Humyn Labs, based in Bengaluru, put out a detailed benchmarking report on May 11, 2026. They call it BRIDGE. The team tested 15 commercial speech-to-text models in 22 non-English languages from the Global South. They didn’t just look at OpenAI and Google. Indian providers like Sarvam AI were in the mix too. The results? Big accuracy gaps, especially when these systems try to handle regional dialects or mixed-language speech.
Key Takeaways
- BRIDGE looks at 15 AI models. It covers 22 languages and 22 Indian states. They used seven different metrics.
- A lot of popular AI tools miss about one in three words when they process Indian language audio. That’s a pretty big gap.
- ElevenLabs Scribe v2 leads in overall word accuracy with a 10.6% error rate.
- Sarvam AI, an Indian provider, beat Google and Microsoft on word error rate for Indic languages.
- Standard industry metrics often miss errors in Hinglish or code-switched speech. That’s a problem if you mix languages a lot, which, let’s be honest, most people do.

BRIDGE stands for Benchmark of Regional & International Data for Global Evaluation. The report moves away from lab tests and focuses on real-world use. Humyn Labs used audio from real two-person conversations, not just scripts or internet samples. This approach makes sense, since about 5.5 billion people in the Global South often mix their native languages with English when they talk.
One big takeaway: Word Error Rate (WER) just isn’t enough. WER was built for English, so it misses a lot when it comes to Indian speech. BRIDGE uses seven metrics instead, including Semantic Similarity and Code-Switch F1. That last one matters for India. It checks if an AI can handle switching languages in the middle of a sentence.
The numbers show a clear gap. Deepgram Nova-3 did well in code-switching, scoring 0.906. Amazon Transcribe lagged far behind at 0.199. OpenAI models didn’t do much better, staying below 0.4. Sometimes they dropped English words or got the spelling wrong.
Indian providers held their own. Sarvam AI’s saaras v3 came in third for word error rate at 20.2%. That’s better than Google, Microsoft, or Amazon. Still, its code-switching isn’t perfect. Even the best models struggle when there’s a lot of English mixed in.
Manish Agarwal, co-founder at Humyn Labs, pointed out that companies spend a lot based on accuracy scores that don’t match how people really talk. The data backs this up. A model that’s great for Spanish might not work for Tamil or Marathi. If you want to dig in, the full dataset is up on Hugging Face for researchers.
FAQs
Q1. What is the BRIDGE report by Humyn Labs?

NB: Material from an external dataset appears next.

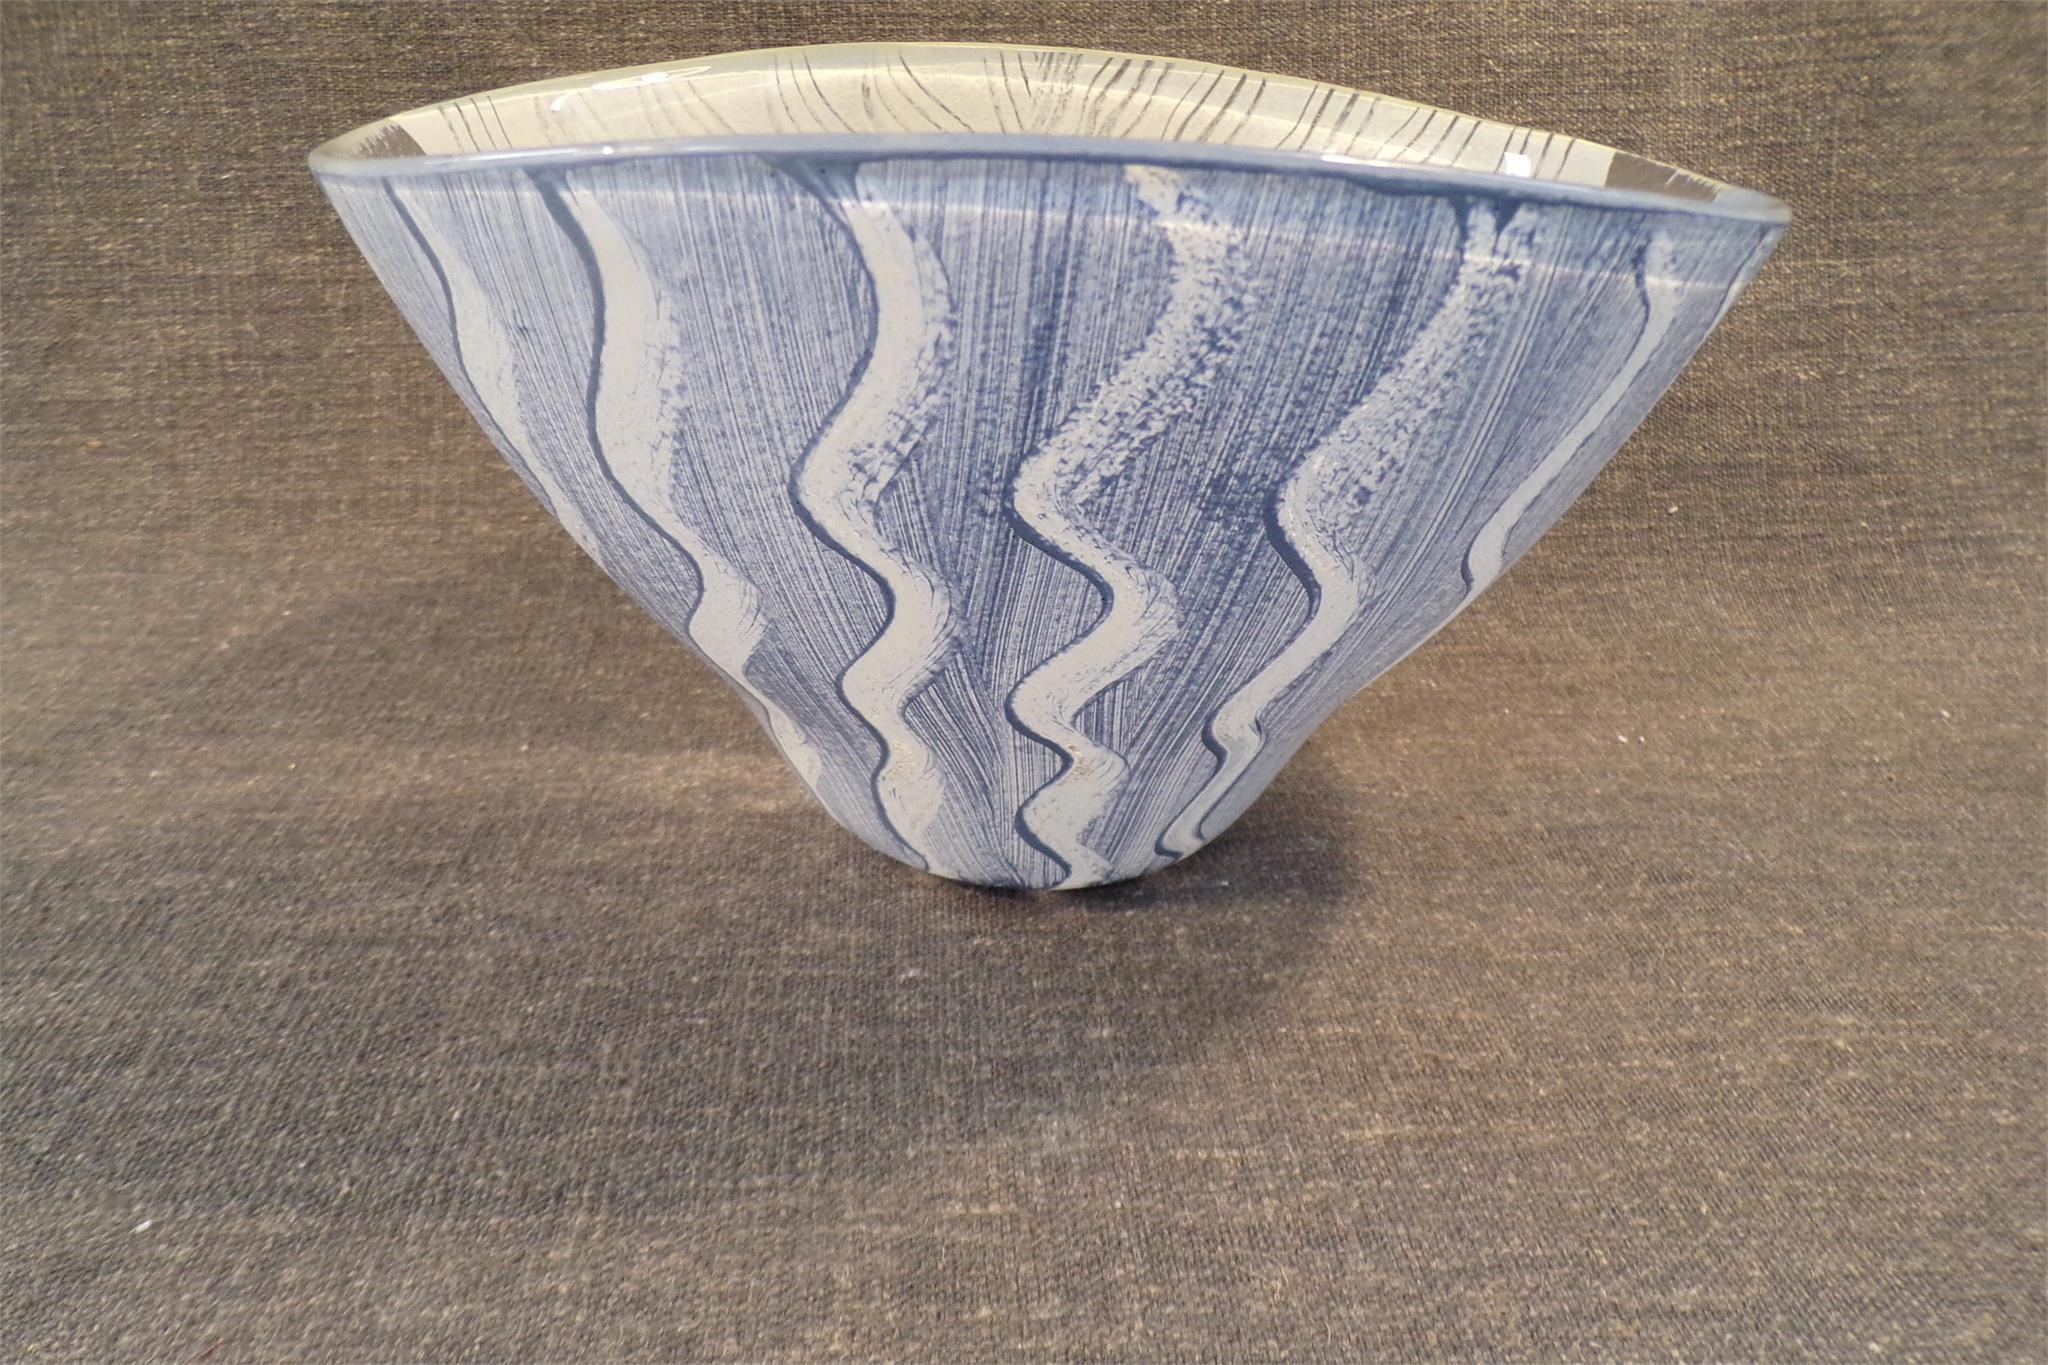 Kosta Boda "Tonga" Glass Bowl by Monica Backström
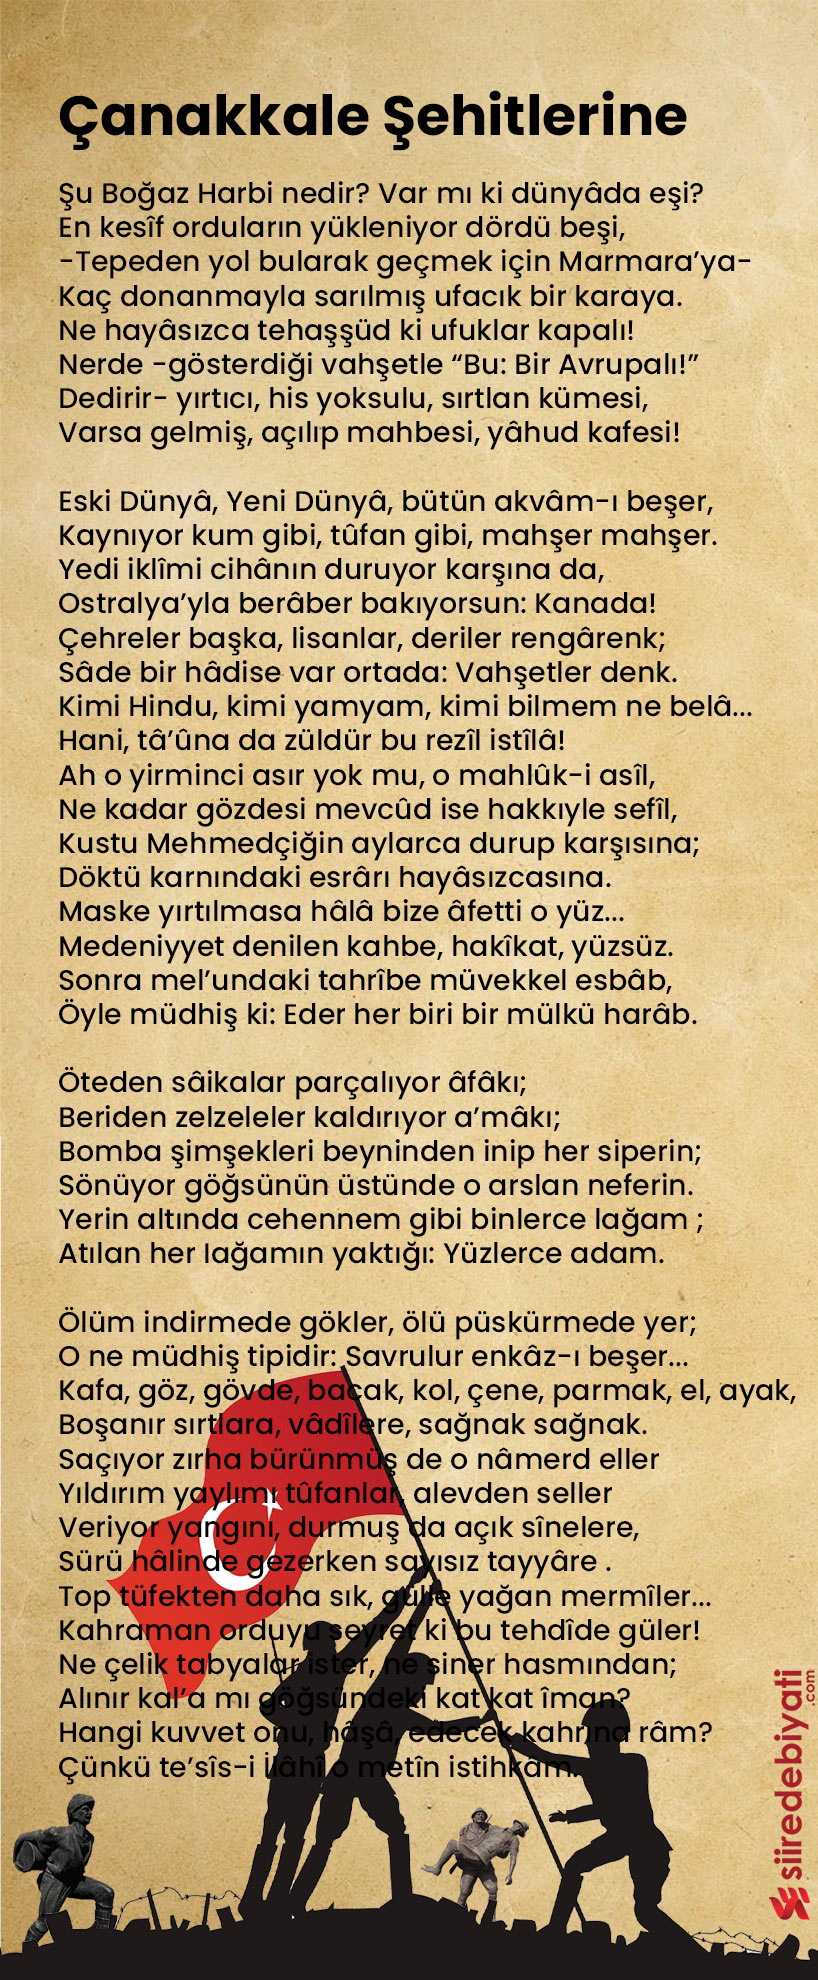 Çanakkale Şehitlerine şiiri - Mehmet Akif Ersoy

A1. BRIDGE is an independent benchmarking study that evaluates how accurately AI voice models transcribe 22 different languages, primarily from India and the Global South.
Q2. Which AI models were tested in this benchmarking study?
A2. The study tested 15 models, including OpenAI GPT-4o, Gemini 2.5 Flash, ElevenLabs Scribe v2, Deepgram Nova-3, and Indian models like Sarvam saaras v3 and Gnani vachana v3.
Q3. Why do standard AI metrics fail for Indian languages?
A3. Standard metrics like Word Error Rate (WER) were built for English. They often fail to catch errors in code-switching, where speakers mix Indian languages with English, or they miss the preservation of meaning.
Q4. Which model had the best overall accuracy for Indian languages?
A4. ElevenLabs Scribe v2 recorded the lowest overall word error rate at 10.6%, while Deepgram Nova-3 performed best in handling code-switched speech.
Q5. Where can researchers access the BRIDGE data?
A5. The complete dataset is hosted on Hugging Face, and the full report is accessible at the Humyn Labs website.